[Excerpts from a dataset]
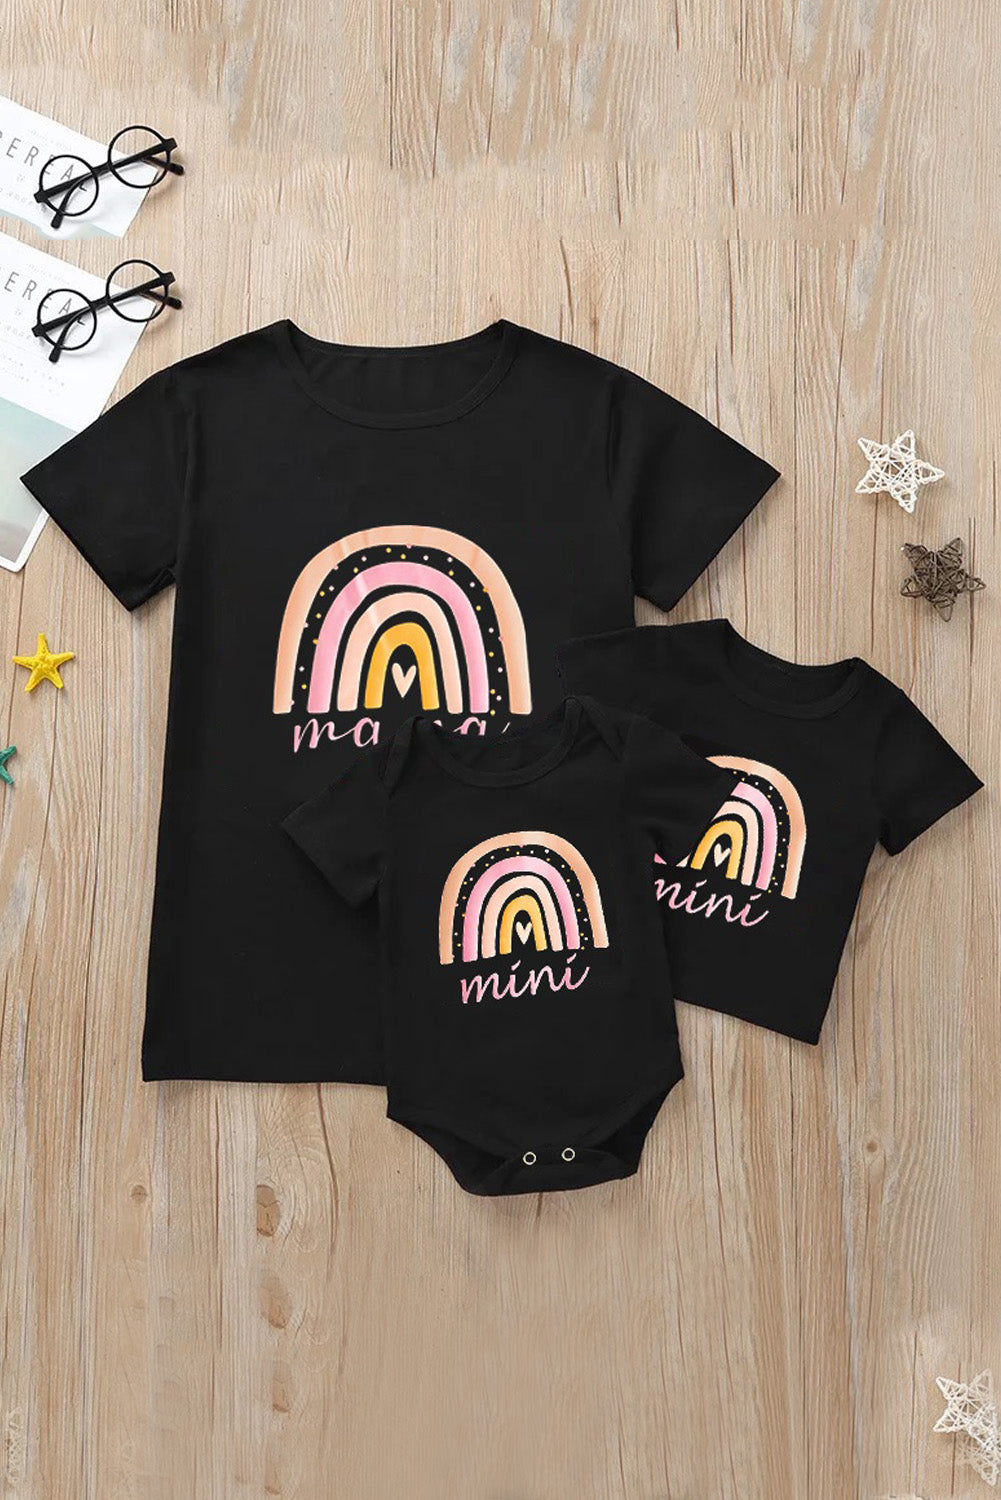 TZ25186-2-S, TZ25186-2-M, TZ25186-2-L, TZ25186-2-XL, TZ25186-2-XXL, Black Kids Mini Rainbow Print Crew Neck T Shirt Matching Outfit
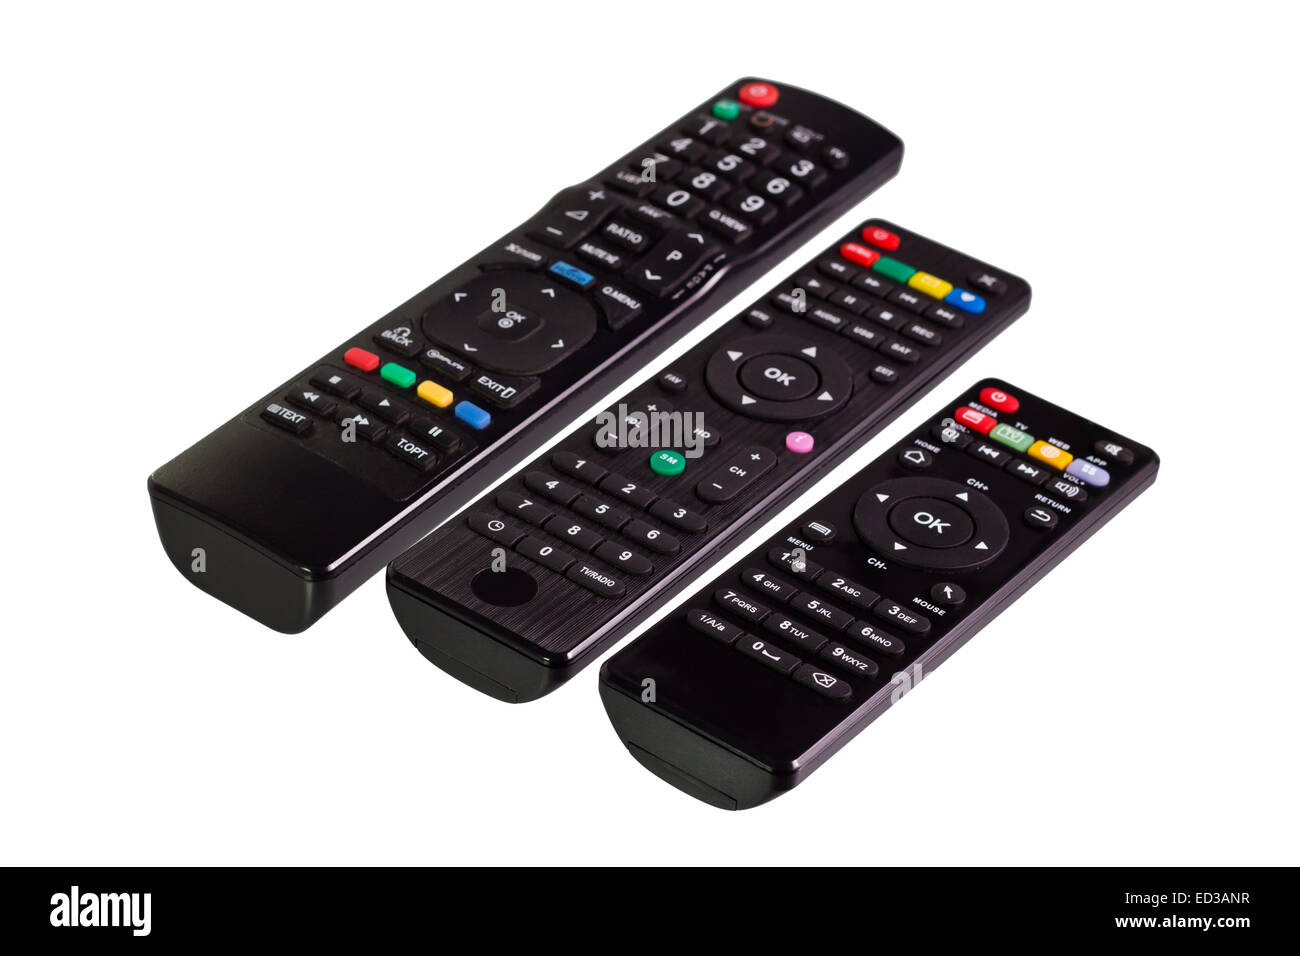 3 different type of remote controls on isolate white background. Stock Photo
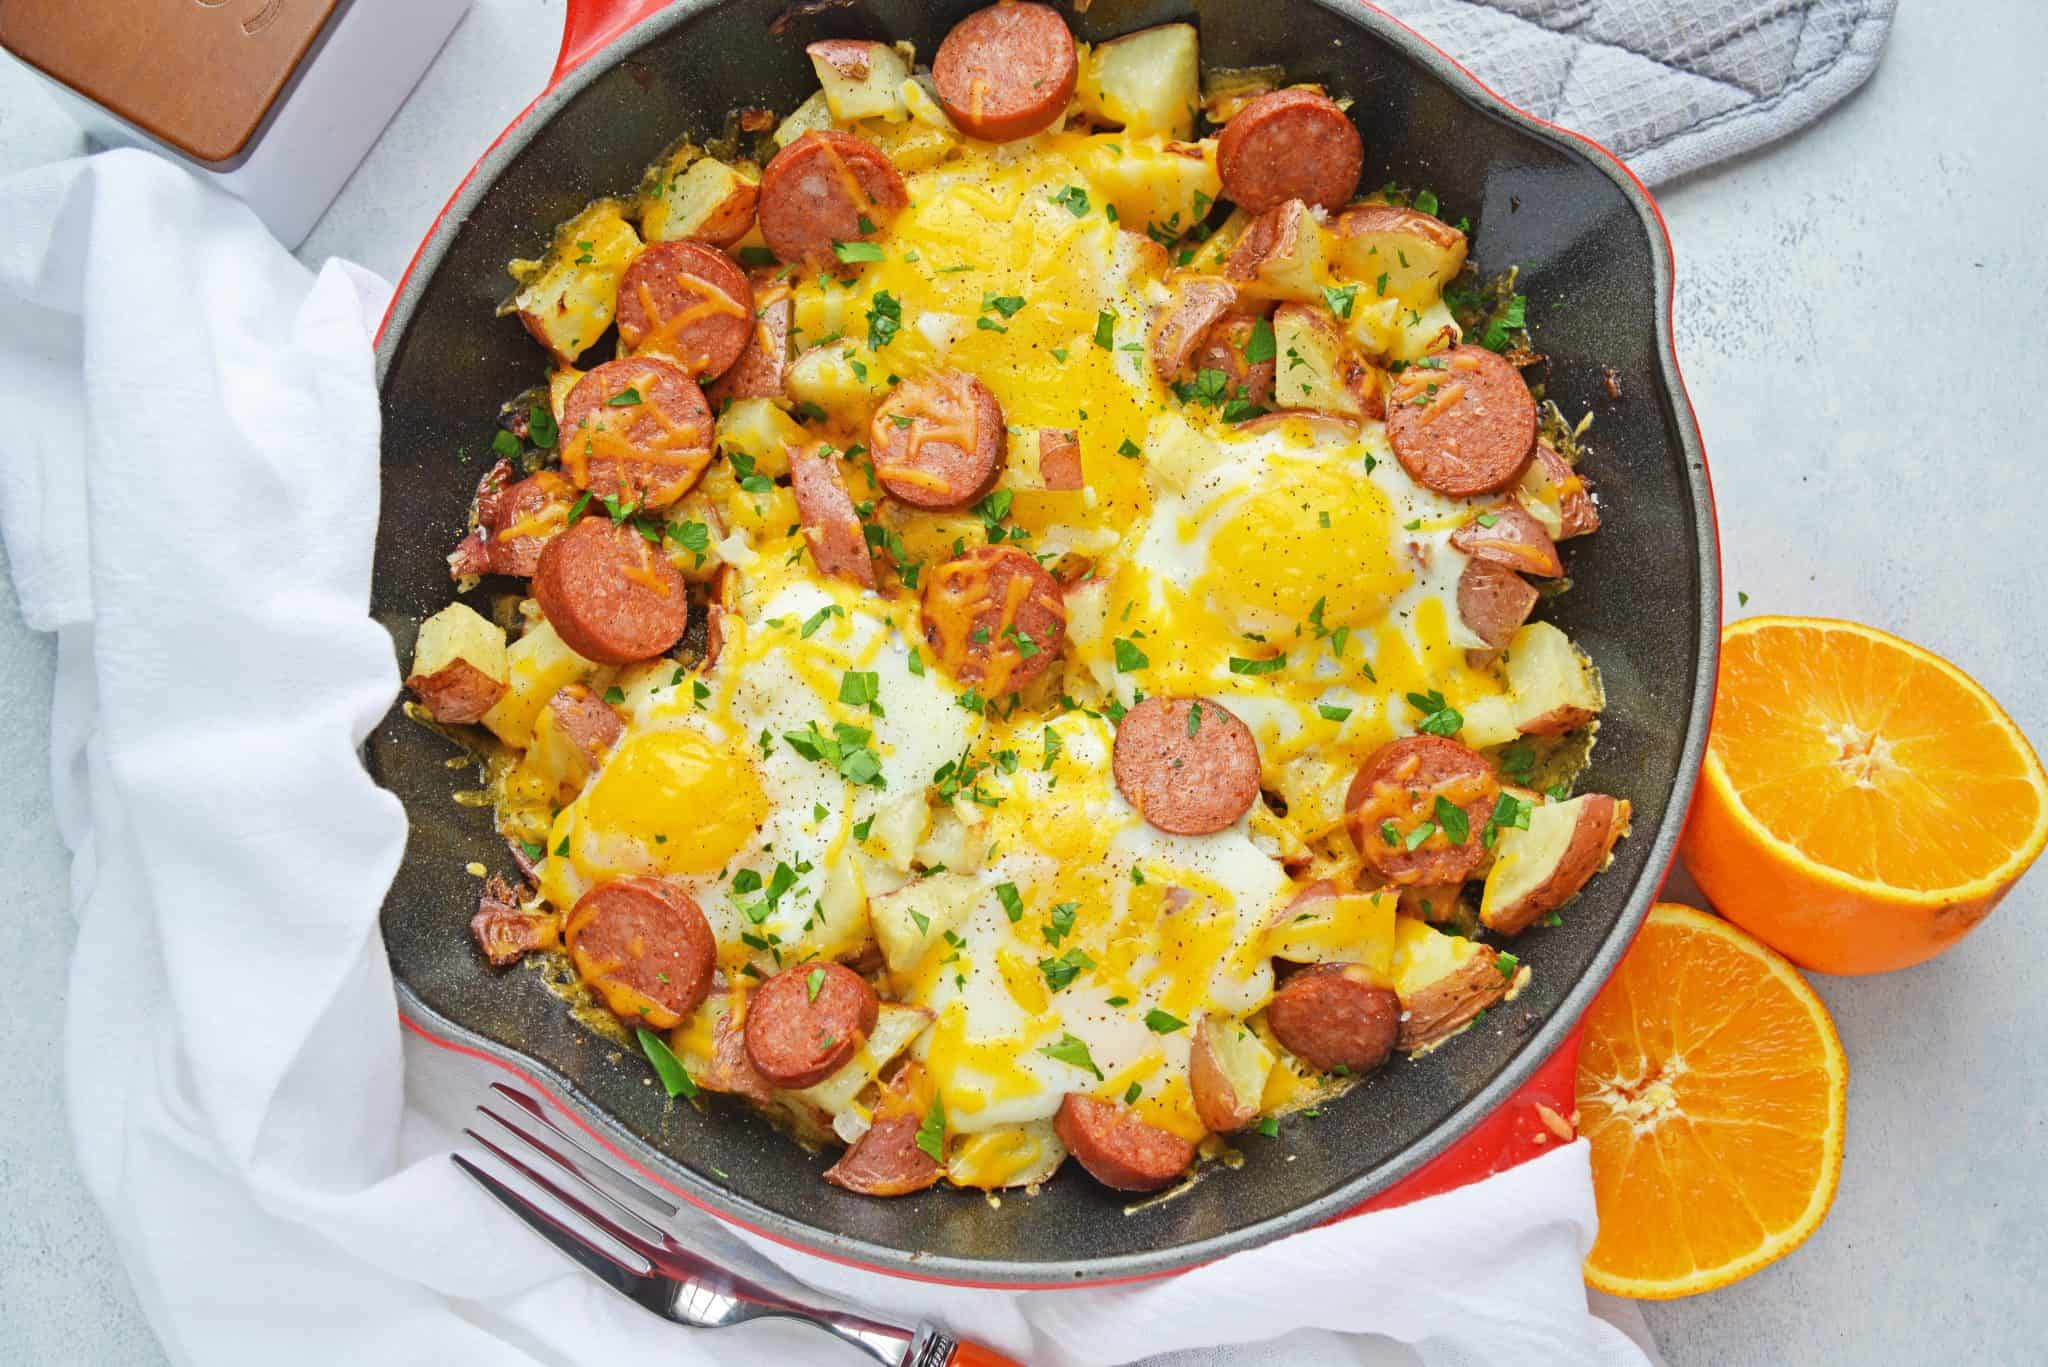 Eggs And Sausage Breakfast Ideas
 Sausage and Egg Skillet A Breakfast Skillet Recipe
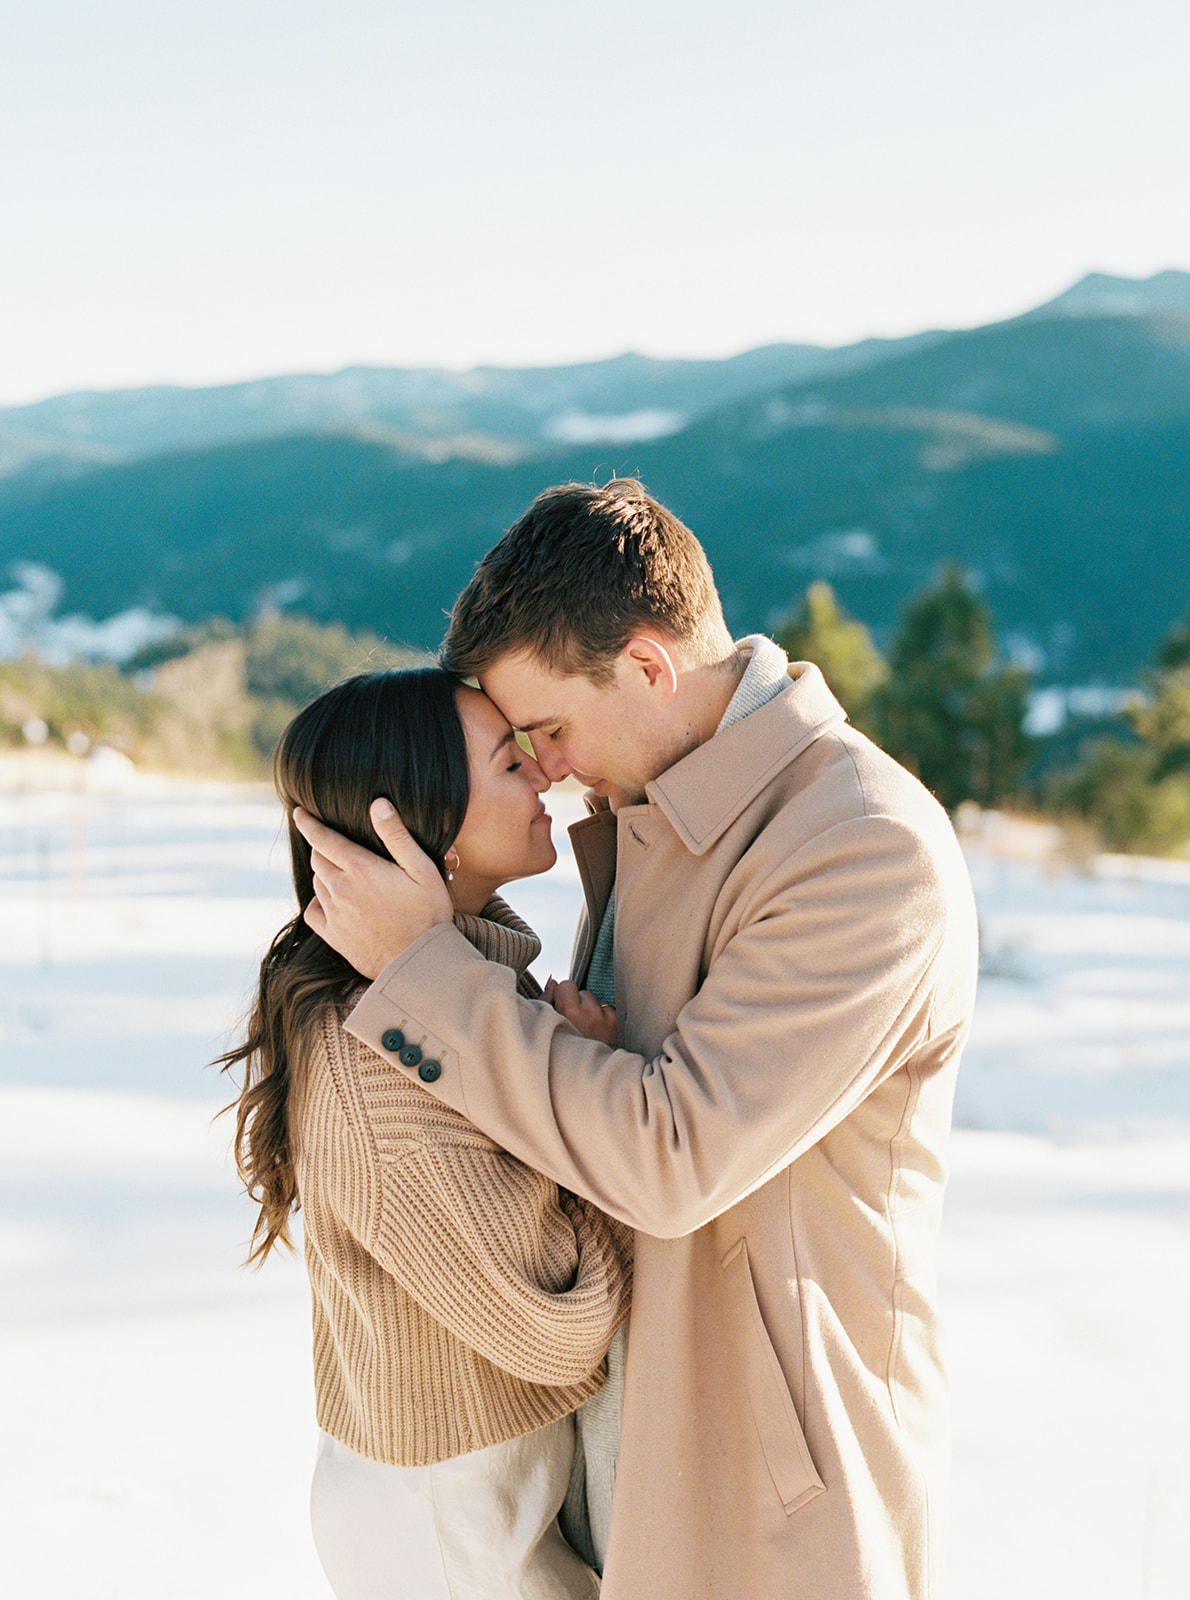 An engagement photo of a couple in love, standing in a winter wonderland with the breathtaking Front Range Mountains in the distance.

> **Task prompt**: Transcribe all of the data above exactly; no picture belongs in the copy.

> **Task result**:
 TZ25186-2-S, TZ25186-2-M, TZ25186-2-L, TZ25186-2-XL, TZ25186-2-XXL, Black Kids Mini Rainbow Print Crew Neck T Shirt Matching Outfit
 3 different type of remote controls on isolate white background. Stock Photo
 Eggs And Sausage Breakfast Ideas
 Sausage and Egg Skillet A Breakfast Skillet Recipe
 An engagement photo of a couple in love, standing in a winter wonderland with the breathtaking Front Range Mountains in the distance.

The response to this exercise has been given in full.